= Landulf V of Benevento =

Landulf V (died September 1033) was the prince of Benevento from May 987, when he was first associated with his father Pandulf II, to his death. He was chief prince from his father's death in 1014.

In 999, Otto III visited the shrine of Saint Michael the Archangel at Monte Gargano. On his return through Benevento, he signed a diploma in favor of the monastery of Santa Sofia on 11 March. S. Sofia was the familial foundation of Landulf's line and probably acted as a sort of dynastic mausoleum. For reasons unknown, Otto and the Beneventan princes had a falling-out in 1000, possibly over the relics of Saint Bartholomew, patron saint of Benevento, to whom Otto had constructed a new church on the Isola Tiberina—San Bartolomeo all'Isola—just recently. According to the Annales Beneventani, Otto rex cum magno exercitu obsedit Benevento: "King Otto with a large army besieged Benevento." Nothing, however, came of it, except perhaps the yielding of certain relics (the skin of Bartholomew?).

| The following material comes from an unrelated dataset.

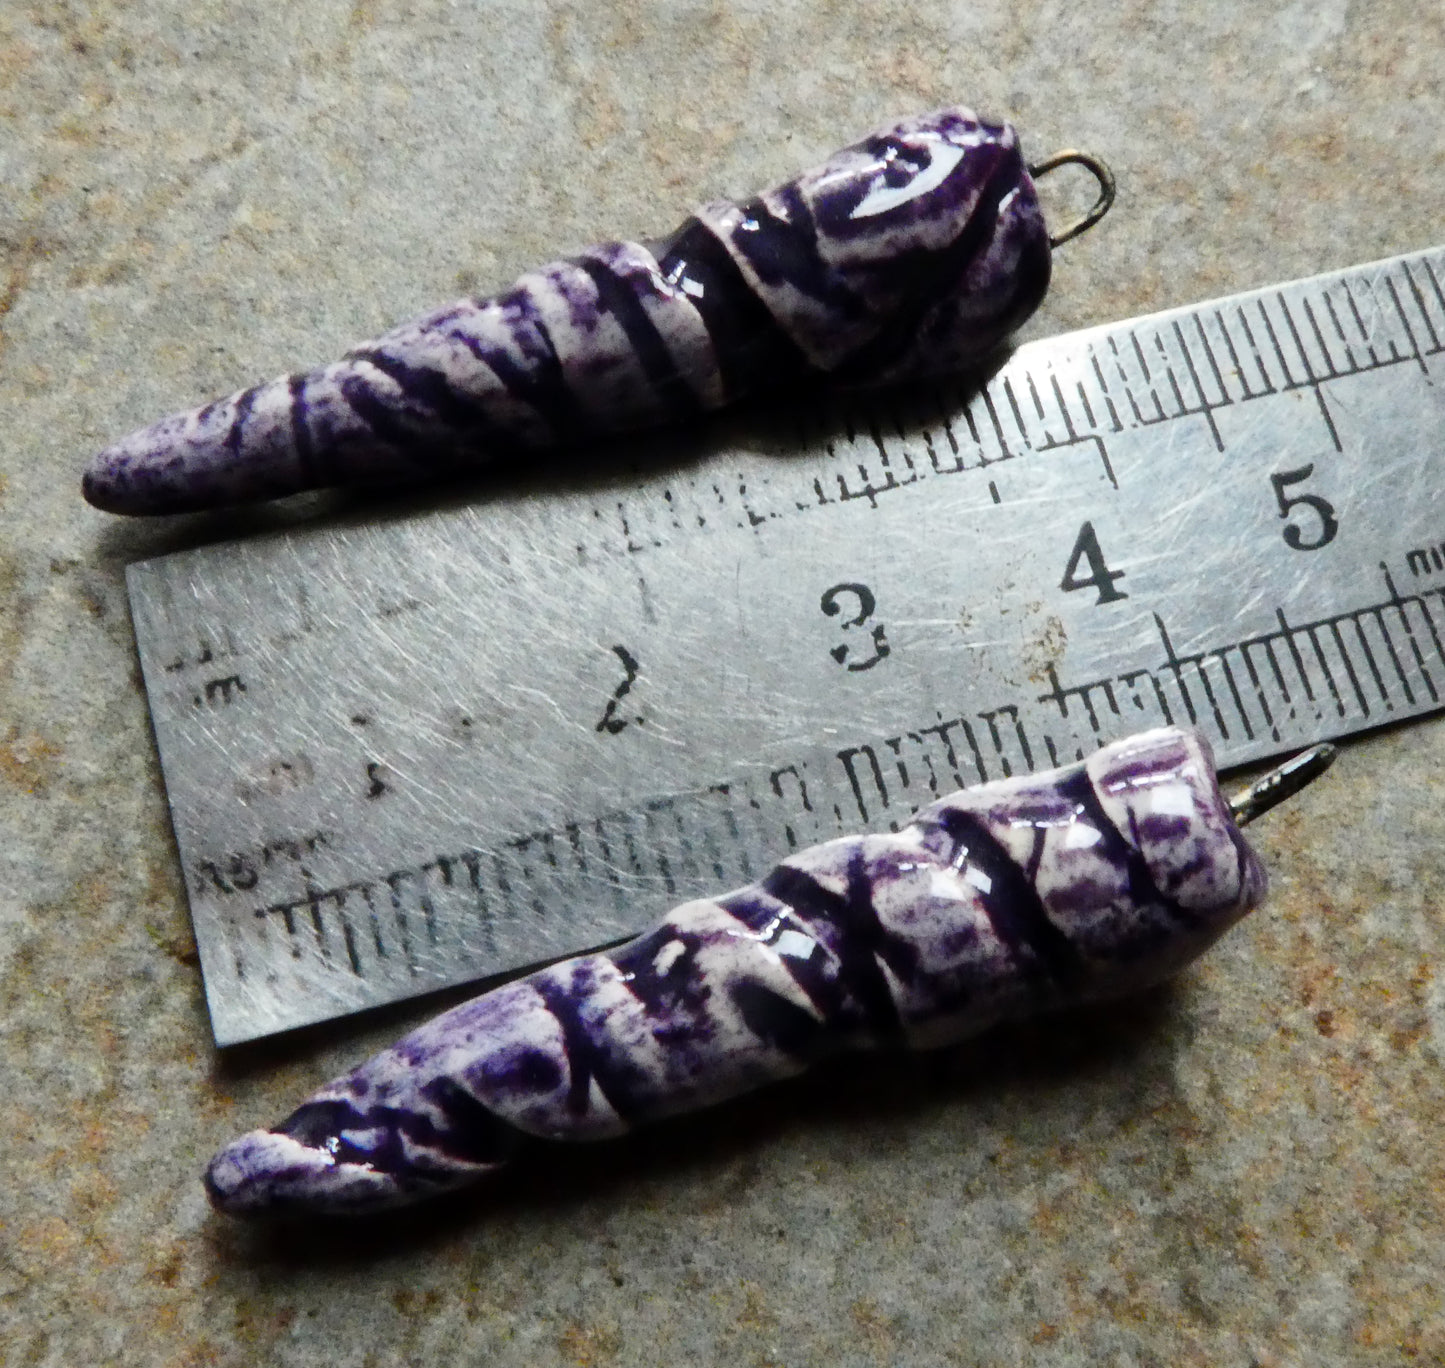 Ceramic Incised Long Spike Earring Charms - Pueblo Purple

In 1003, a rebellion led by Adelfer, Count of Avellino, ousted Landulf V and his father from Benevento. The princes did not remain exiled for long, however. In 1005, they are ruling from their capital again. The revolt was a bad sign, though, as civil unrest was rising in the principality.

He associated his son Pandulf III with the rule of Benevento in roughly 1012. Two years later, the elder Pandulf died, leaving Landulf sole prince with his son. Immediately after the death, the citizens of Benevento led a revolt against Landulf and Pandulf III. The rebellion, unlike the previous one of Adelfer, failed to dislodge the princes from power. However, the citizens did force concessions of authority to themselves and the city's aristocracy. The Annales say facta est communitas prima: "the first commune is made."

Landulf was forced to make submission to the Byzantine Empire, whose Italian catepan Boioannes had rebuilt the fortified city of Troia nearby. In 1022, the Emperor Henry II joined his army with two other armies under Poppo of Aquileia and Pilgrim of Cologne at Benevento, which submitted after a short siege. From there they marched on Troia, but failed to take it. After showing submission to the Holy Roman Emperor, Landulf is not mentioned in records until his death in September 1033. He was succeeded by his son Pandulf III. His other son, Atenulf, as later elected leader of the Normans in southern Italy.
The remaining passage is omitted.